There are some other common “FET” or “BiFET” op amps, such as the LF353, TL082, TL072, and some others. Most are still made today, and the LF353 and TL072 make some reasonable quality utility preamps and can be used in any circuit that has a 1458 or 4558, and the TL081/TL071 can be used with the “741” circuits that were in many guitar circuit construction books from the 1970’s onward. The TL7x series of op amps are lower noise than the TL08x series. Plus most of the FET and BiFet op amps are quieter in general than the 741, 1458 and 4558.

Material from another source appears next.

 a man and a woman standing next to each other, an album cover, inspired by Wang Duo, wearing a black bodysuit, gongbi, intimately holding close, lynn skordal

The 4558, 741 and 1458 had many prefix letters, but they are the same ICs for numerical type regardless of who’e prefix is on them. Today there are some low voltage preamp chips/op amps that can be used on 12 volt audio, but they need to be handled differently as they are dual supply types which complicate things as the audio ground cannot be the same as the chassis ground. Some newer op amps too are low enough in noise to be used for radiation detectors, which makes them quiet enough for the most discerning phono preamp circuits. That is a topic for later discussions
Servicing a tube amp that has not been use for years usually entails replacing electrolytic capacitors, checking resistors in the power supply with some potential replacements for those damaged or out of value, testing the tubes and replacing weak or defective tubes, replacing defective tube sockets, input jacks and terminals, checking idle current, cleaning controls, switch contacts and tube sockets, and confirming the amp is quiet. Replacing all audio coupling caps, and comp resistors is a case by case situation depending on the preferences of the owner. And if the amp is to be sold- replacement of all of those parts is a waste of time and money because doing so puts prices in the stratosphere well above “Street Value”, and if the amp already has polyester capacitors- these are the most reliable types in use, and have good sonics.

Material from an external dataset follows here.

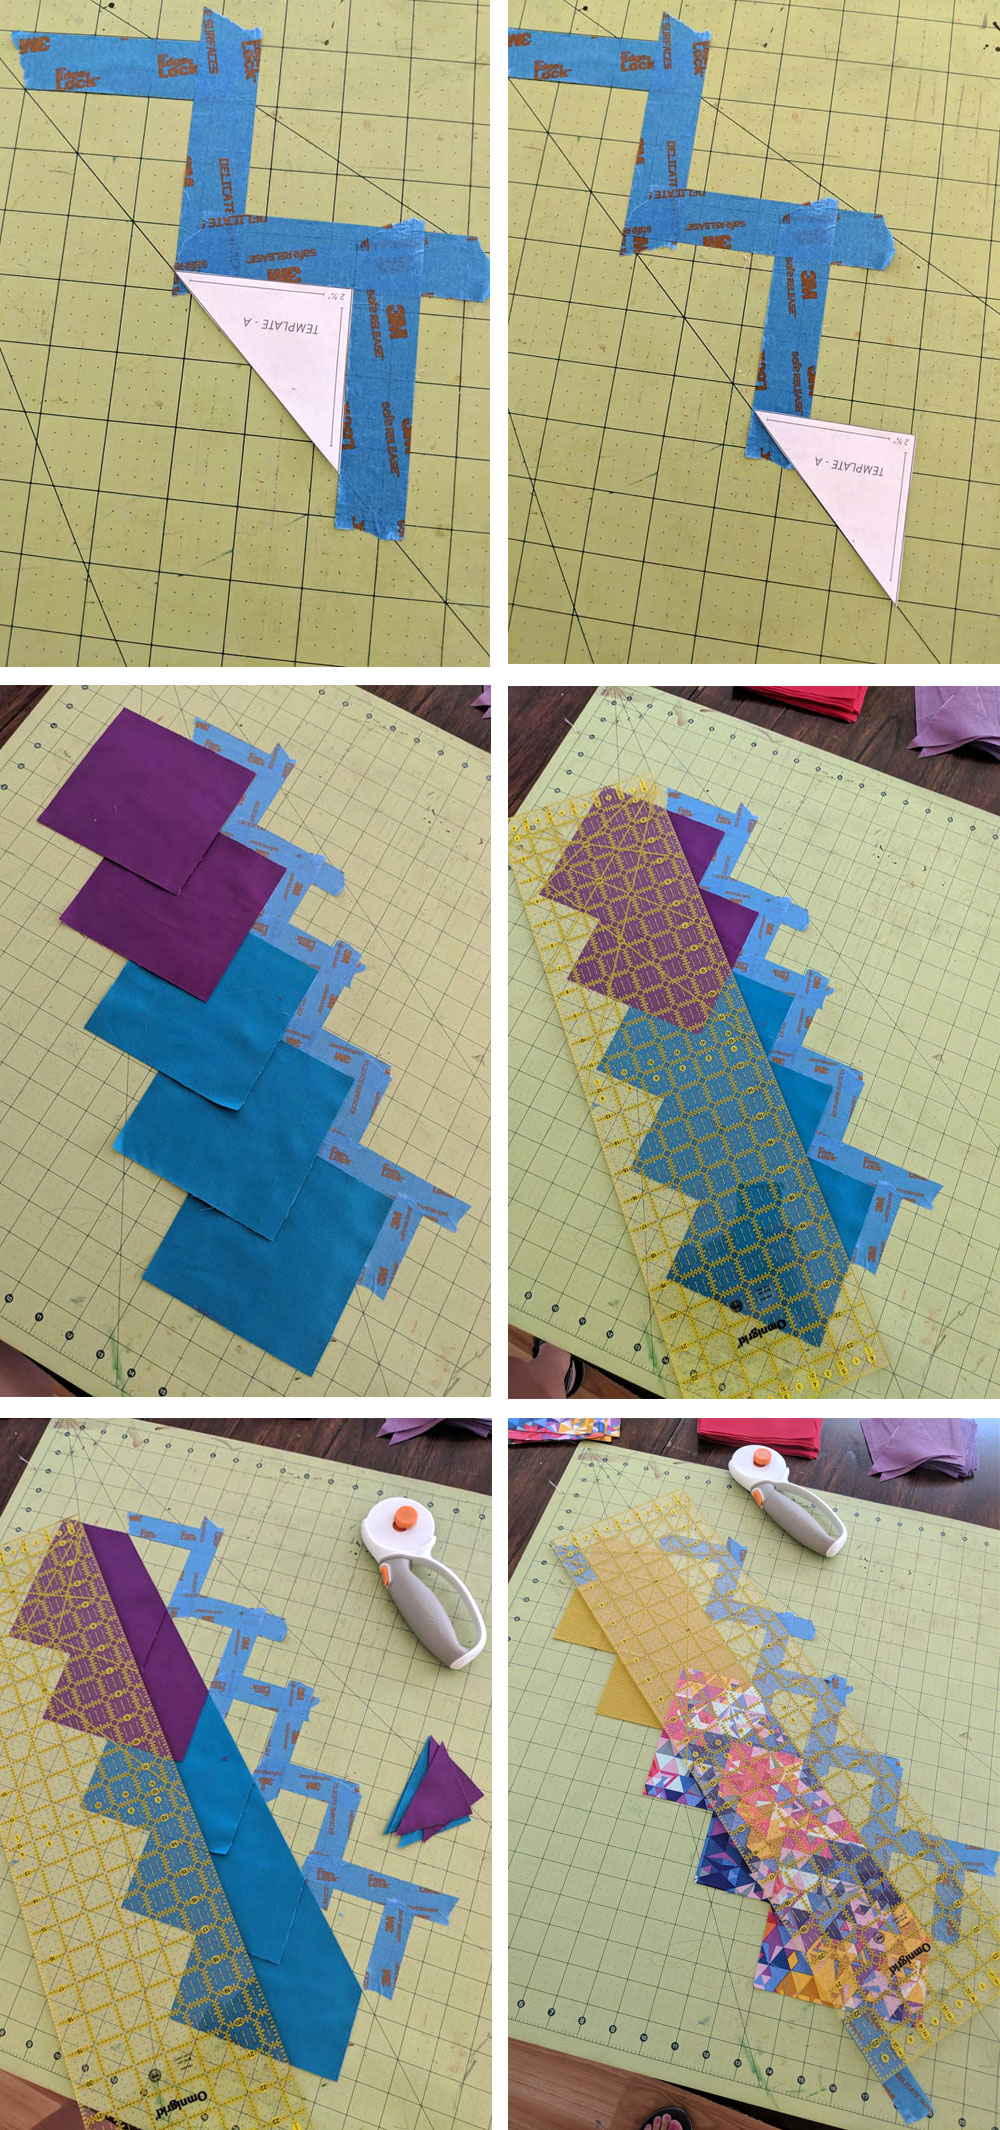 Glitter and Glow quilt pattern cutting hack. | Suzy Quilts https://suzyquilts.com/glitter-glow-quilt-pattern-use-scraps

Now for amps and electronics in general, the basics for troubleshooting are:
First step, especially if the item has come to you and you know little of it’s condition, the obvious things are the first order of business- checking the power cord and visible wiring for damage. Essentially checking the first obvious things if there is some evidence of damage from mishandling. Sometimes an issue arises at the wall plug where the insulation is pulling away from the plug leaving conductors exposed. Close inspection usually reveals some tearing of the insulation and expose wire conductors. If the cord is in good condition otherwise, replacing the plug end with new one will suffice. If the cord is in fragile condition- just replace the whole cord.

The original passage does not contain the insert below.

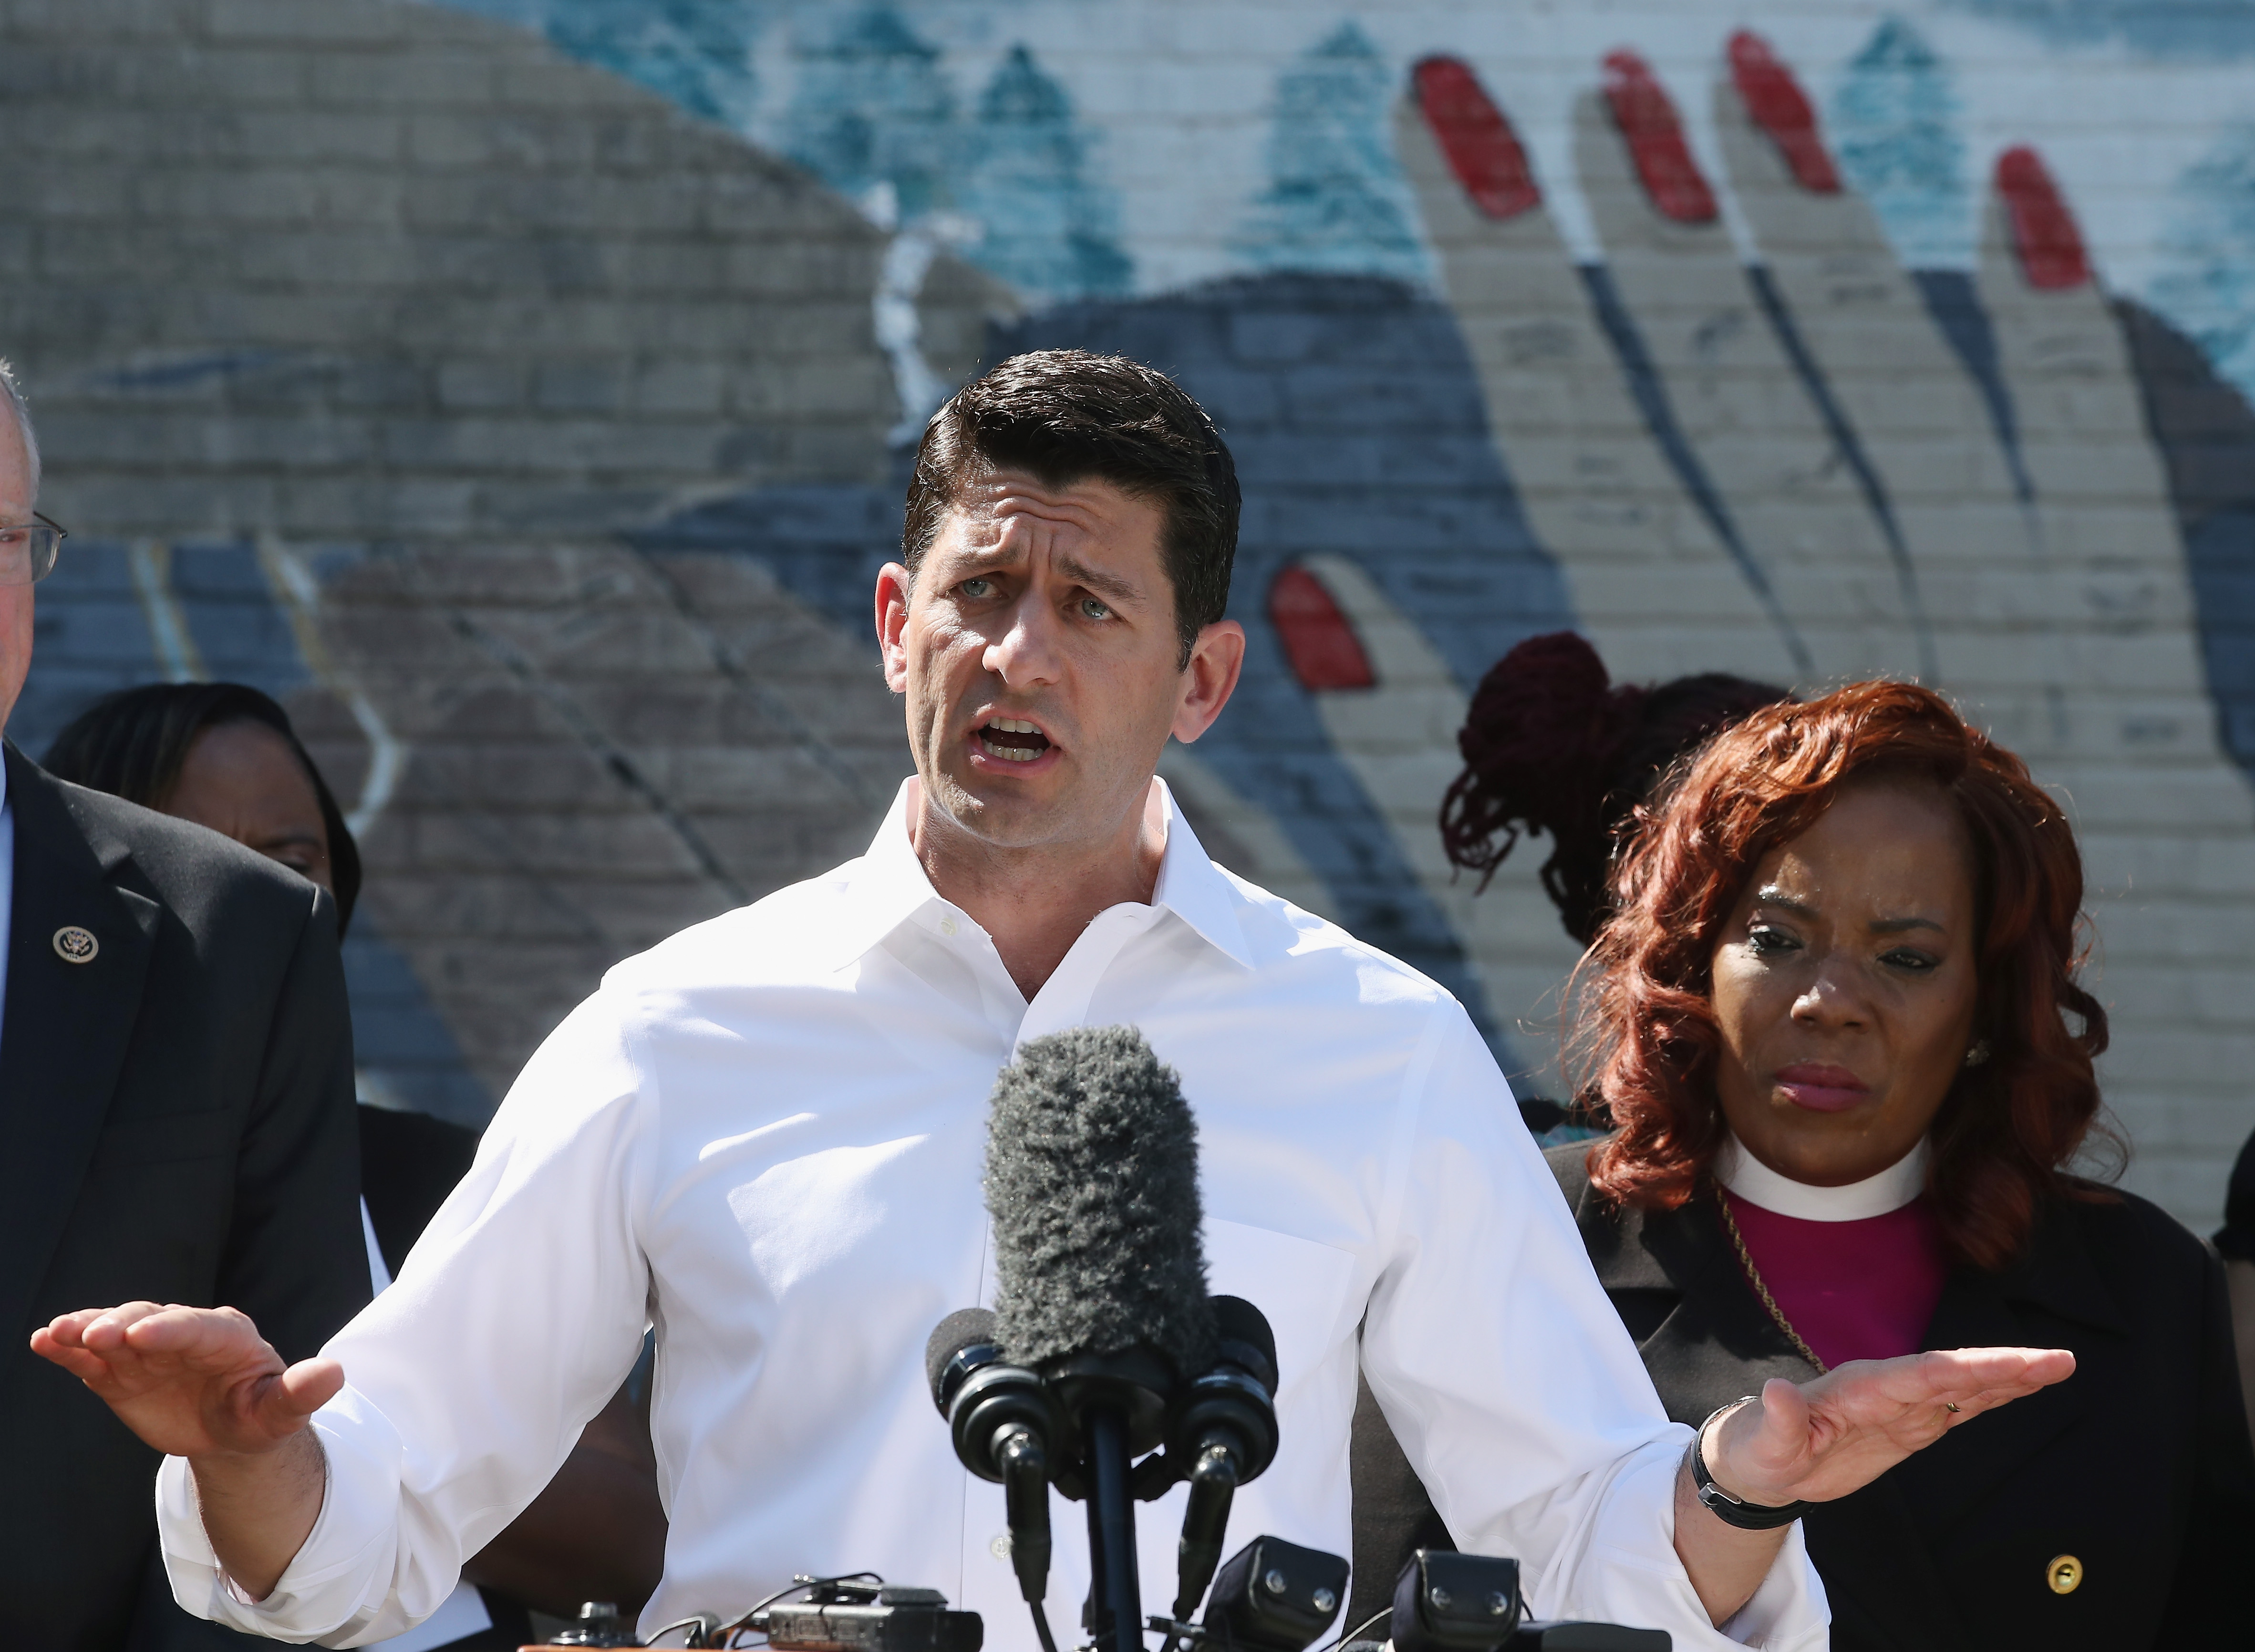 U.S. Speaker of the House Paul Ryan (R-WI), speaks while flanked by Bishop Shirley Holloway at the Graceview Apartments, June 7, 2016 in Washington, DC. (Mark Wilson/Getty Images)

Second order of business is cleaning controls and switches. This is not a hard thing to do, it usually entails simply the application of a contact cleaner, or LPS-1 into the gap of a potentiometer where the terminals come out, or the “rotation stop” stamped into the cover. Some controls use a resistance wire, and contact cleaner will work, but is sometimes not needed. LPS-1 is a lightweight lubricant with some solvent action and is not conductive. Contact cleaner can be conductive if it is water based, sometimes older cans of cleaner used a CFC- which are effective and have a distinctive odor, and some are a petroleum solvent base. The label will tell you directly or indirectly what is in it. Depending on the materials used, you need to use plastic compatable chemicals.
Often you will see people suggesting a product called “Deoxit” produced by Caig. This has it’s uses, but not in potentiomenters and absolutely not in slide pots as this softens the substrate that the carbon track is applied to and will destroy those. Now if you dismantle the control and only apply it only to the metal contacts, that is a different story, but that is usually more work than it is worth. If Deoxit is applied sparingly to the exposed contacts of a switch, you will be fine. Some rotary switches have a different issue in that a vinyl plastic was/is used to hold the center contact that is rotated through the positions- these often fail just from age and fall apart, so are best handled with as much care as you would a “Ukranian Easter” egg that is several years old. Even then though, the Ukranian egg will be more durable. If you have one of these switches and it is already broken, but the pieces are all there, then you need to draw out the schematic of the switch contacts and in what position the center portion makes it’s contacts and then find a modern or vintage bakelite type that can be wired to work in that location. Bakelite is also known more generically as “Phenolic”.
Once those steps are done, then a physical inspection of the chassis is in order. If the power cord was replaced because it was a natural rubber insulated type that hardened, you may find wiring inside that is in the same condtion or worse. If mice got into the unit, that is nothing short of a minor disaster if you do not have a schematic or cannot identify the chassis. Mice will chew on everything, plus leave a corrosive mess behind. When dealing with newer electronics that utilize an IC, locating an “Application Note” or “Data Sheet” for that IC will give you a good idea of what the rest of the circuit around it is. At a minimum you can identify the voltage pins and inputs and outputs.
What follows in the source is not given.